Con apuros llegamos a la hora fijada a la Galleria que, desde buen principio, se nos anuncia como una auténtica fiesta de Bernini aunque los folletos nos hablan de Caravaggio, Bellini, Tiziano y muchos otros.

Y, efectivamente, nos encontramos en la sala de entrada - conocida por el nombre del autor que le dio la forma final, Mariano Rossi - estatuas, bustos y algún autorretrato de Bernini, todo y que no nos impresionan tanto como esperábamos: ¿obras menores?. Seguidamente, L'ultima cena de Bassano, Allegoria della scoperta dell America de Zucchi, Il colosseo de Canaletto, Norandino e Lucina sorpresi dall'orco de Lanfranco y el Cristo flagellato de Tiziano, nos apasionan sobre las demás. Empezamos a disfrutar.

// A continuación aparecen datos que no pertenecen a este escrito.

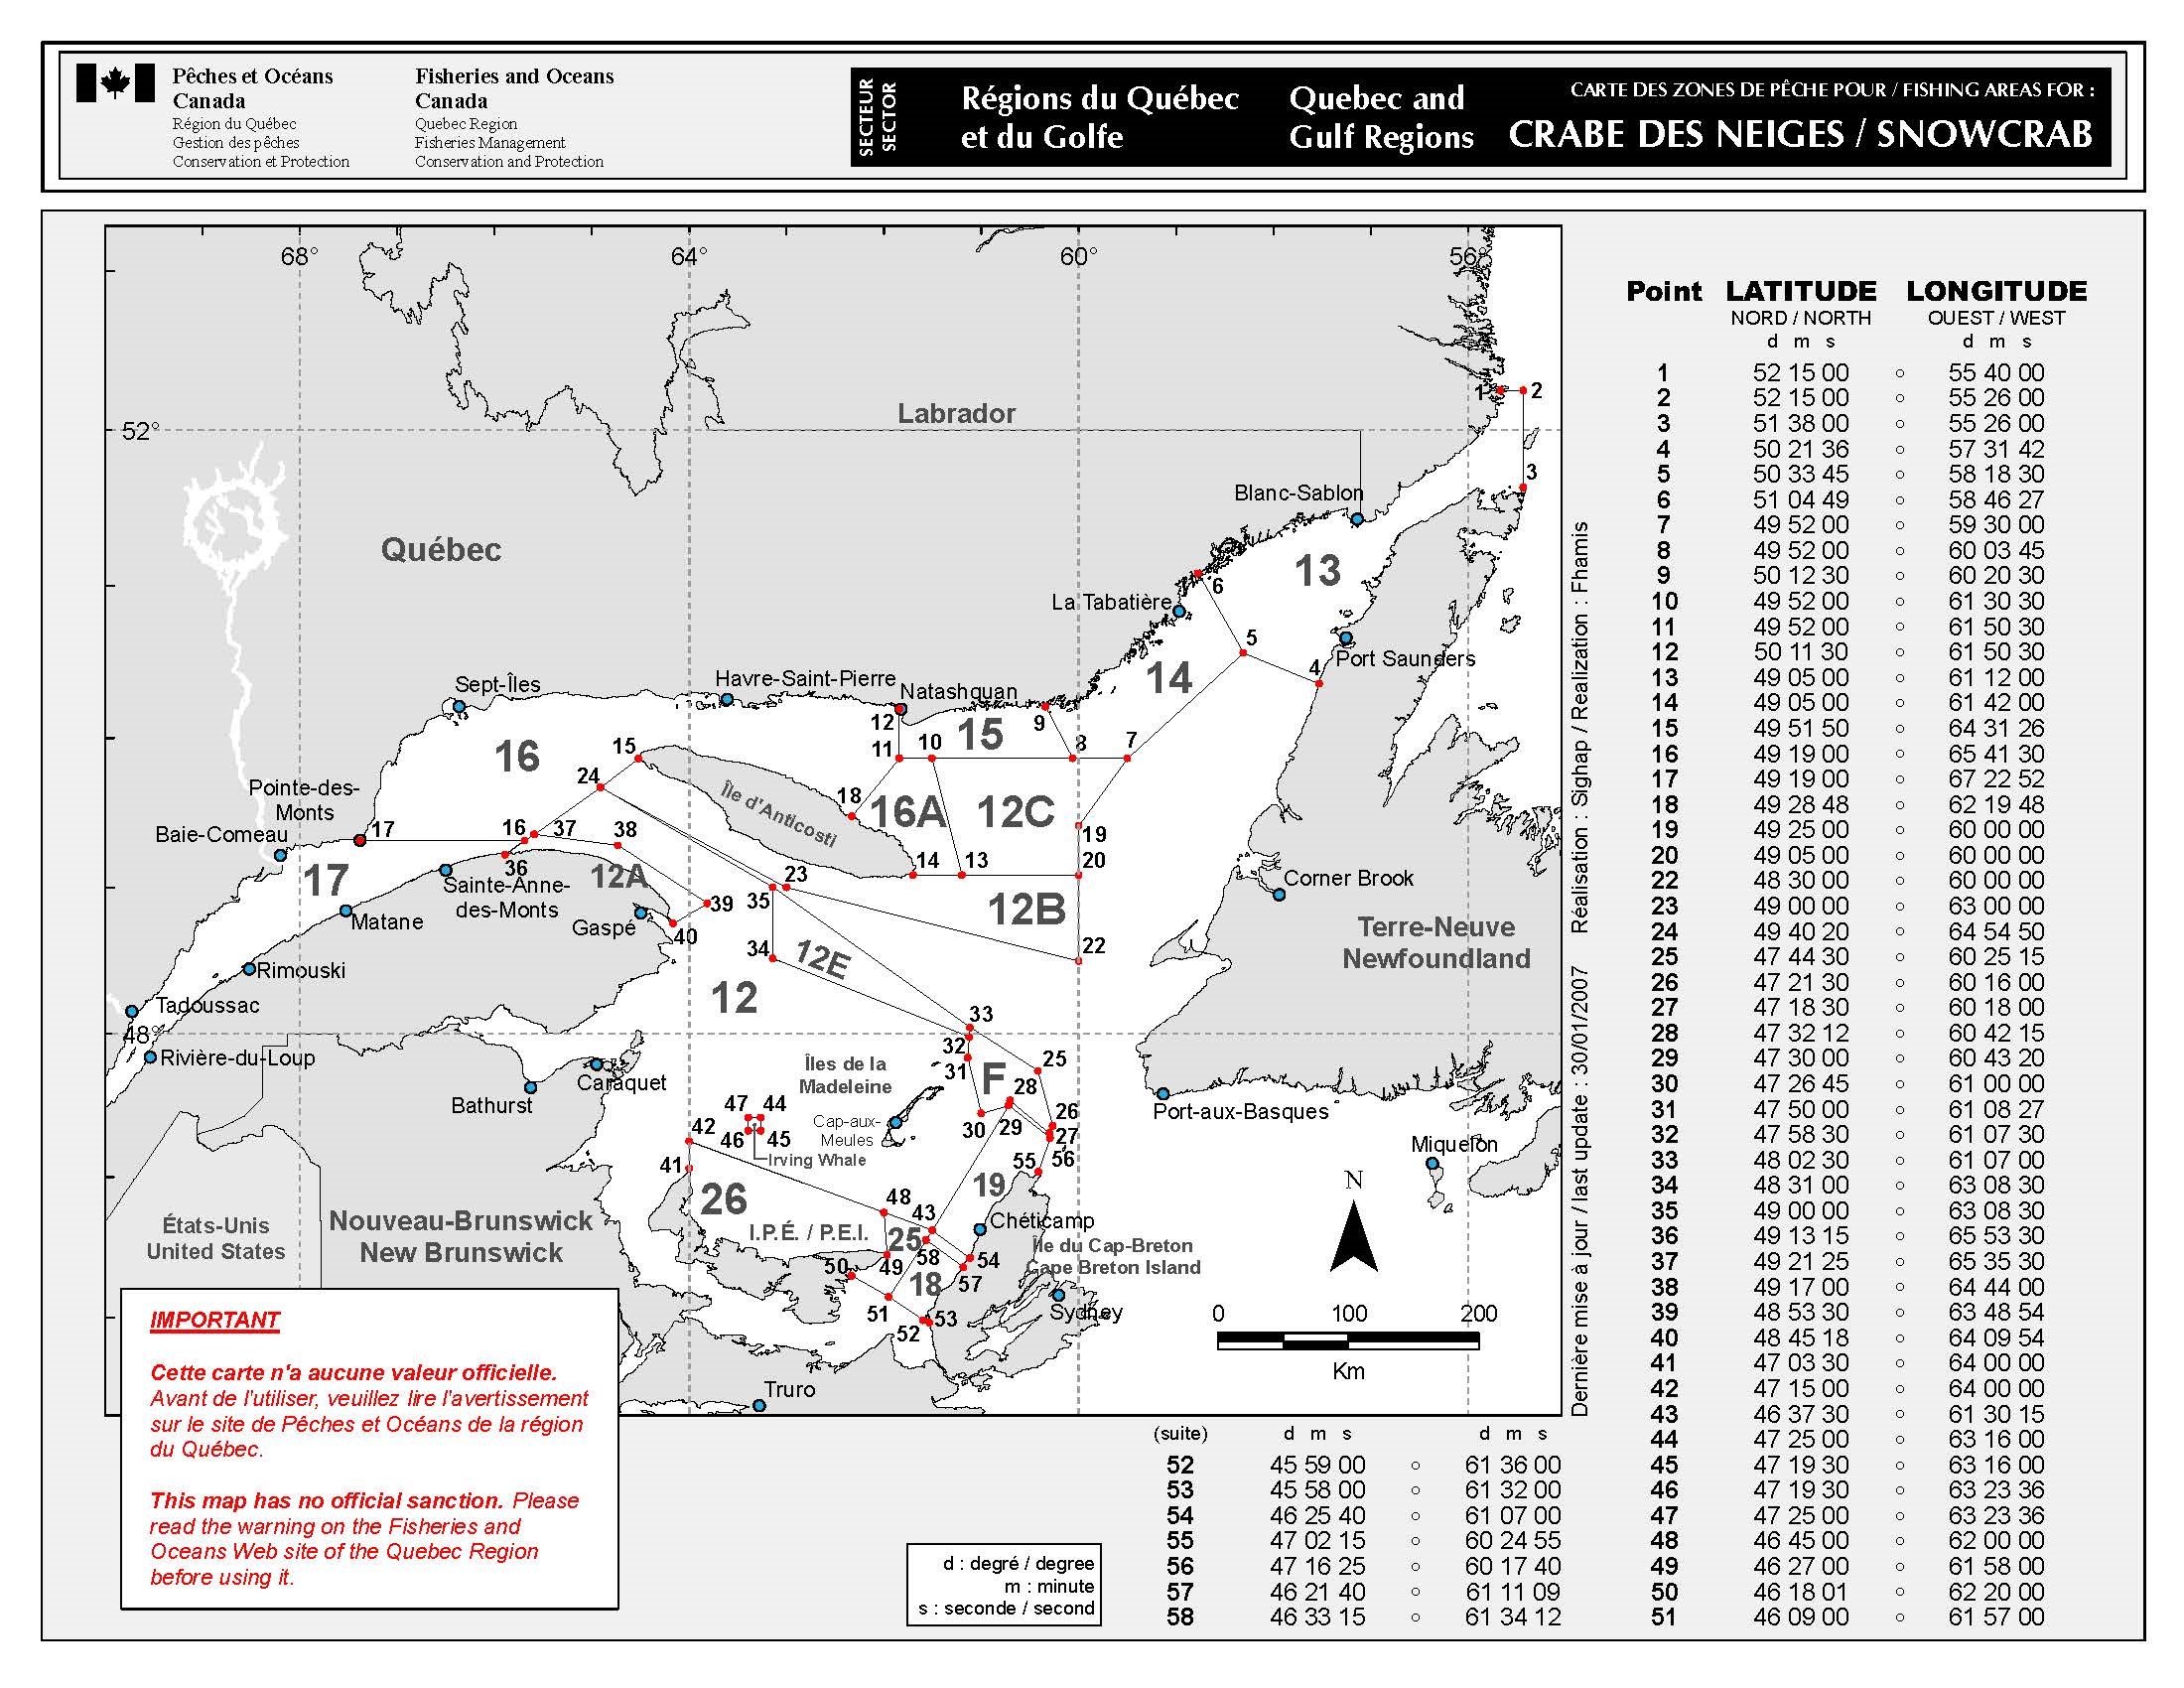 Illustration des zones de pêche au crabe des neiges dans l’estuaire et le golfe du Saint-Laurent depuis 2014

En el recorrido por la planta superior nos esperan sorpresas mayores: por ejemplo, el Ritratto d'uomo de Antonello da Messina, que parece perseguirte con su mirada a ratos indulgente, a ratos burlona, a ratos suspicaz, por donde quiera que te muevas, el casi hiperrealismo avant la lettre y el intenso colorido de La Deposizione de Rafael, primorosamente enmarcado por las cinco telas del austríaco Anton von Maron que decoran el techo de la sala en torno al tema de Dido y Eneas, o el intenso y sutil erotismo de la Venere ed Amore con un favo di miele de Cranach.

Descendemos de nuevo a la planta baja para abordar las salas que albergan las obras más importantes de Bernini y nos damos de bruces con la memorable Il ratto de Proserpina, una de esas esculturas ya vistas hace años en alguna diapositiva de la clase de Historia del Arte y cuyo dramatismo y dinamicidad saboreamos con el placer del reconocimiento de lo ya apreciado en su momento, como unos minutos después hacemos con la magistral Apollo e Dafne. Entre ambas, dos obras de Caravaggio destacan entre las demás: La Madonna dei Palafreneri y el espectacular Giovane con canestra di frutta, cuyo magnetismo tal vez provenga del contraste entre la minuciosa representación del bodegón y el impresionismo del rostro del joven.

Tras casi tres horas, abandonamos la Galleria para pasear por Villa Borghese. Explico a Esther y los niños la impresión que me produjo en el verano de 1980: acostumbrado a los diminutos y secos parques y jardines de Barcelona, el parque romano, amplio y frondoso, se convirtió en una especie de paradigma del jardín público hasta que lo desplazó el Bois de Boulogne algunos años más tarde. En esta oportunidad, sin embargo, Villa Borghese parece haber perdido parte de su esplendor: parterres secos y descuidados, plazas sucias y árboles enfermos reemplazan la exhuberancia por la senectud. No resulta un paseo tan hermoso como uno esperaba. Tras fotografiarnos junto al famoso monumento a Goethe de Eberlein, abandonamos los jardines con la sospecha de que no volveremos.